This is a story about how we made a microservice response 3️⃣0️⃣0️⃣ times faster. Yes, you read that right: 3️⃣ 0️⃣ 0️⃣ times faster! 🤯
We dropped the response time from an average of ~20s to ~60ms. Let me use the same scale to NOT fool your eye: 20 000 ms to 60 ms.
"Now wait a minute", you might say. "I'm impressed you guys dropped loading times by 300X times, but what the heck 🤔 did you do to end up with such an awful response time?"
Broken promises or unrealistic expectation?
We have been heavily using AWS DynamoDB for epilot platform, mainly because of 𝟸 reasons:
- It is Serverless -> we believe in doing as little operations work as possible, when it is not the case
- It is easy to start with, when building apps with AWS Serverless technologies.
Of course we now know DynamoDB ain't that simple as it has been promised to us.
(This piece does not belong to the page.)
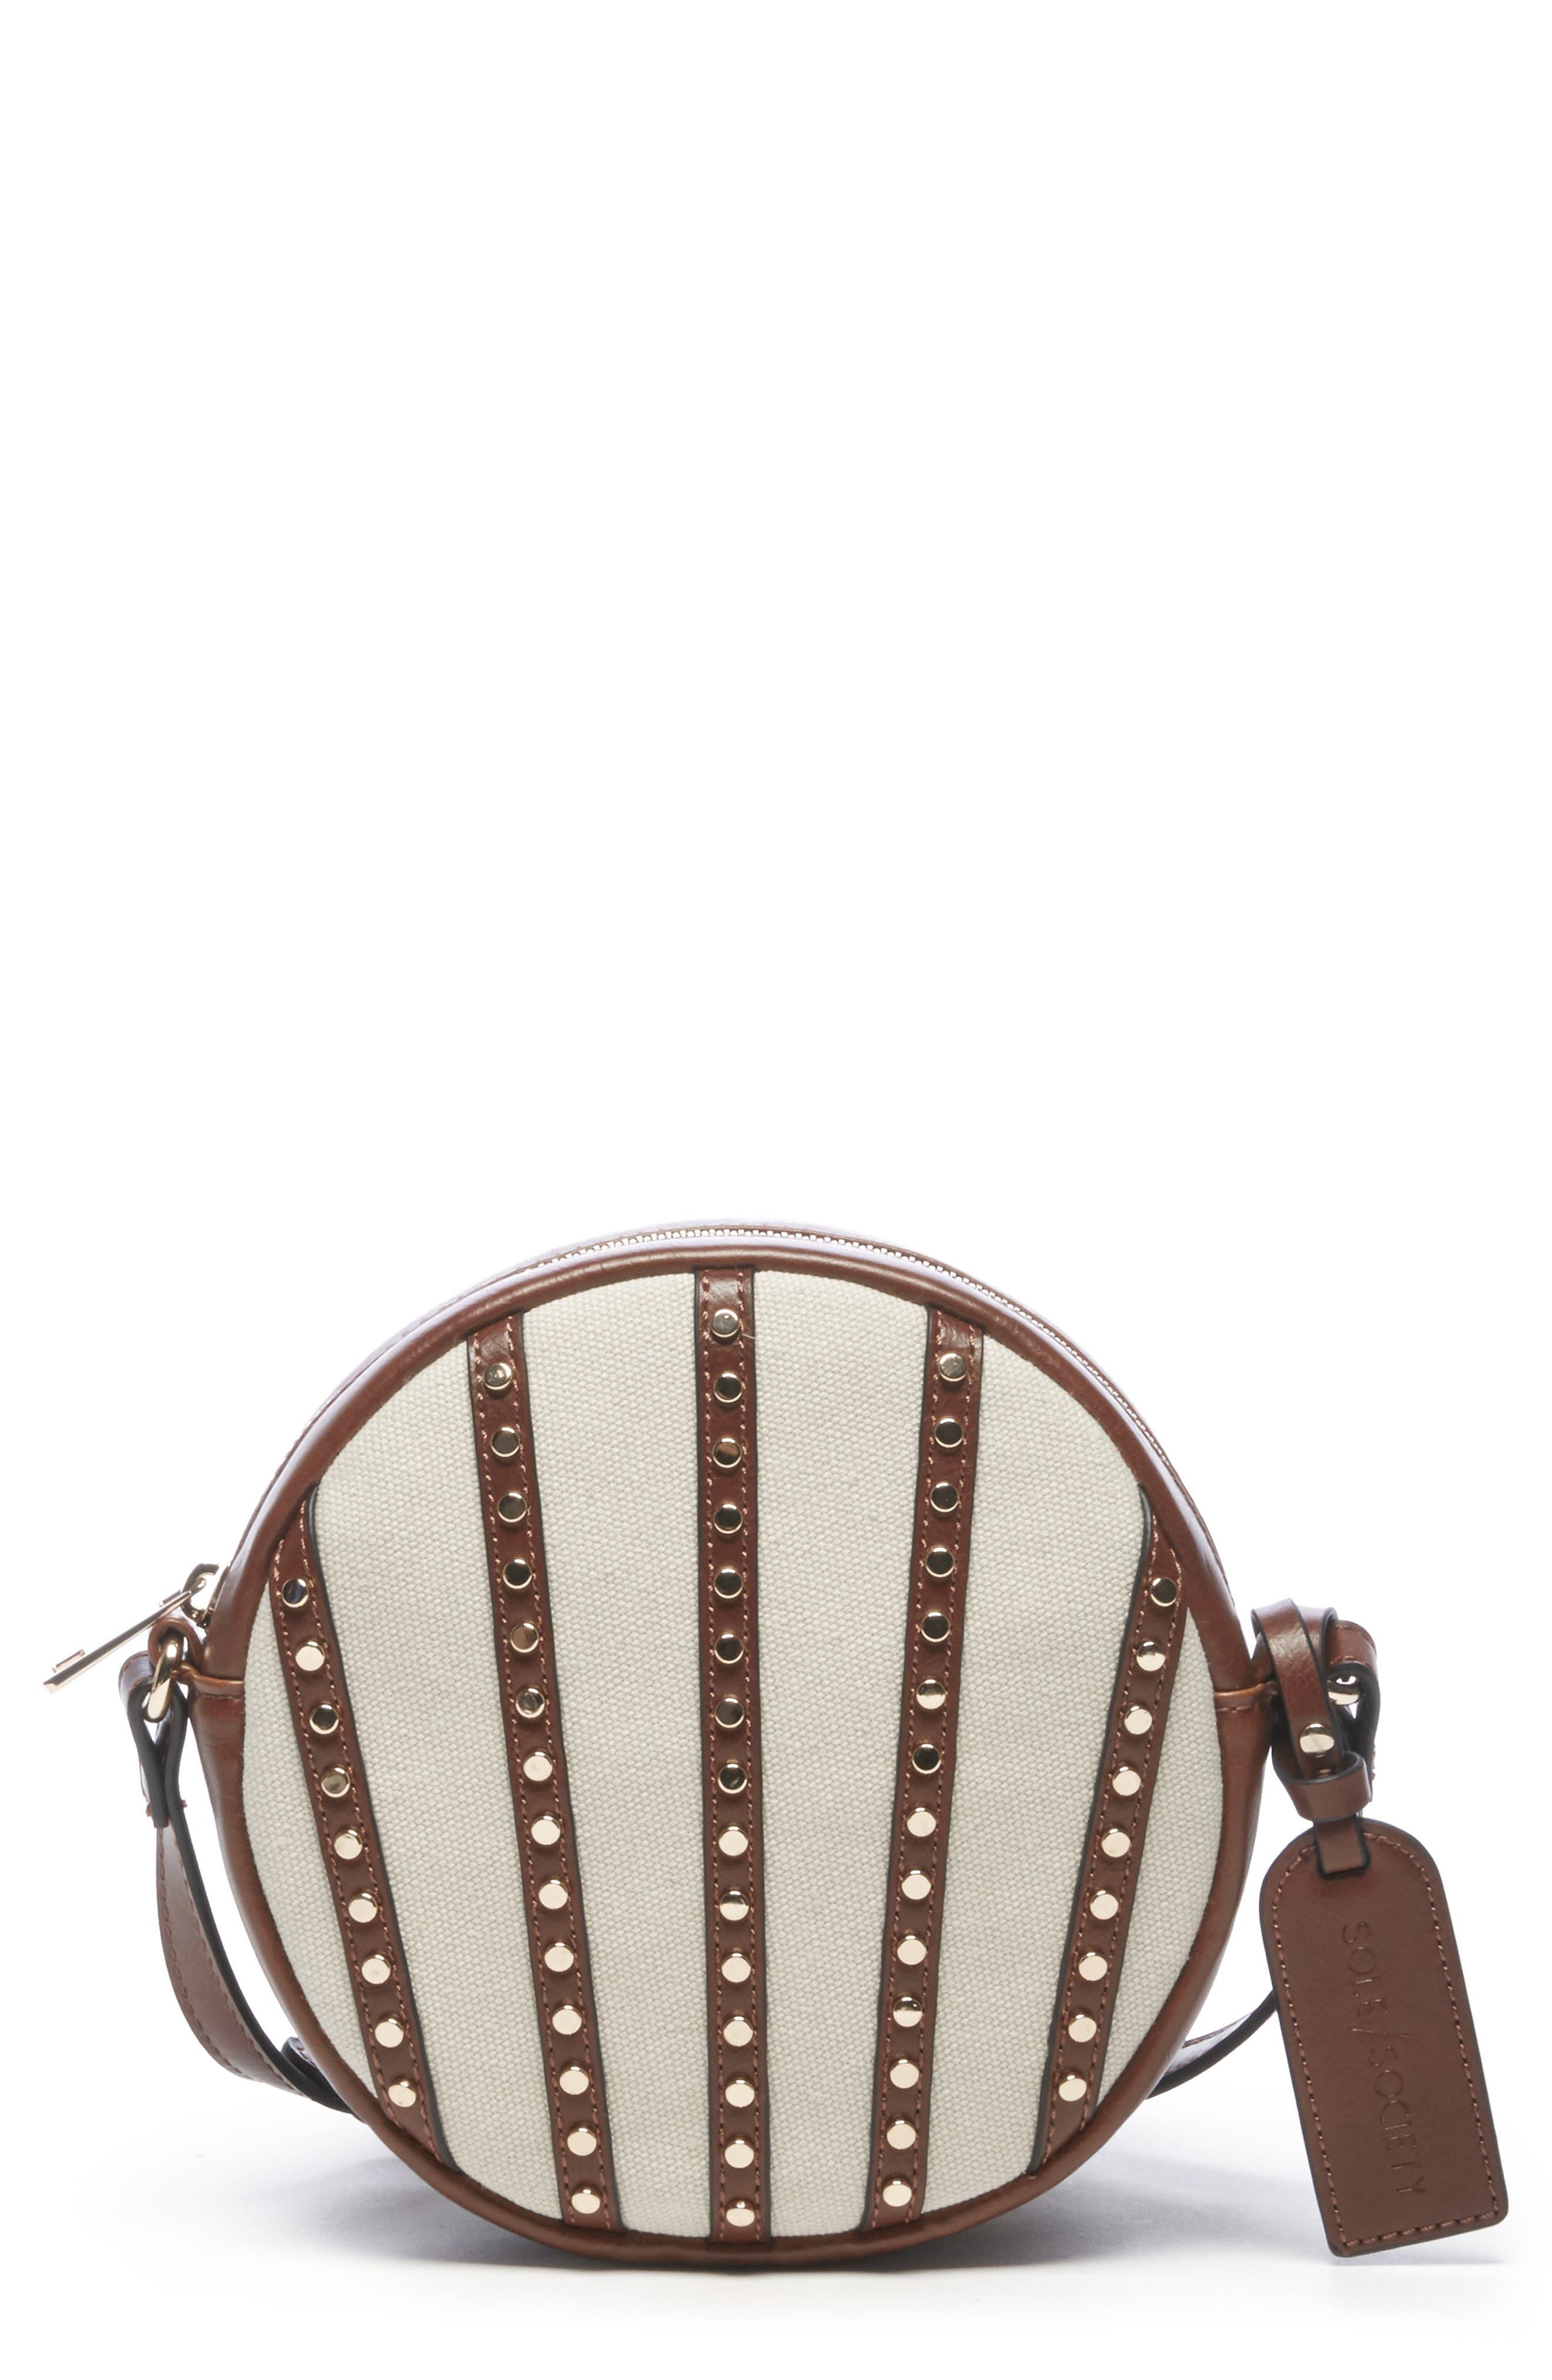 Aira Studded Crossbody Bag,                         Main,                         color, NATURAL

It might be attractive due to the flexibility & easy to start reasons, but designing your Microservices with DynamoDB as a storage solution, ain't for the faint hearted 😮💨. Especially if you're coming from an SQL heavy background, where you can flexibly query pretty much anything.
SELECT * FROM TABLE WHERE <insert clause here>
With DynamoDB, you have to design your Partition Key, Sort Key, Global & Local Secondary Indexes, in such a way, that all of your search patterns are handled optimally.
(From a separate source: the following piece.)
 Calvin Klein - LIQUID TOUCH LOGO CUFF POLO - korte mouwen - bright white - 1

Knowing all the search patterns in advance might sound trivial at a first glance:
- find all books for an author
- find all books published in a time range
- find books by keywords,
but in a dynamic environment, such as a startup, where things can pivot from one week to another 🗓️, it can be quite a challenging endeavour, to say the least.
But now, back to the performance story.
2 important things happened which lead to such a degradation in the response times of the API:
- Designing the table without knowing the search patterns in advance.
- Increasing each record data by a 10x fold.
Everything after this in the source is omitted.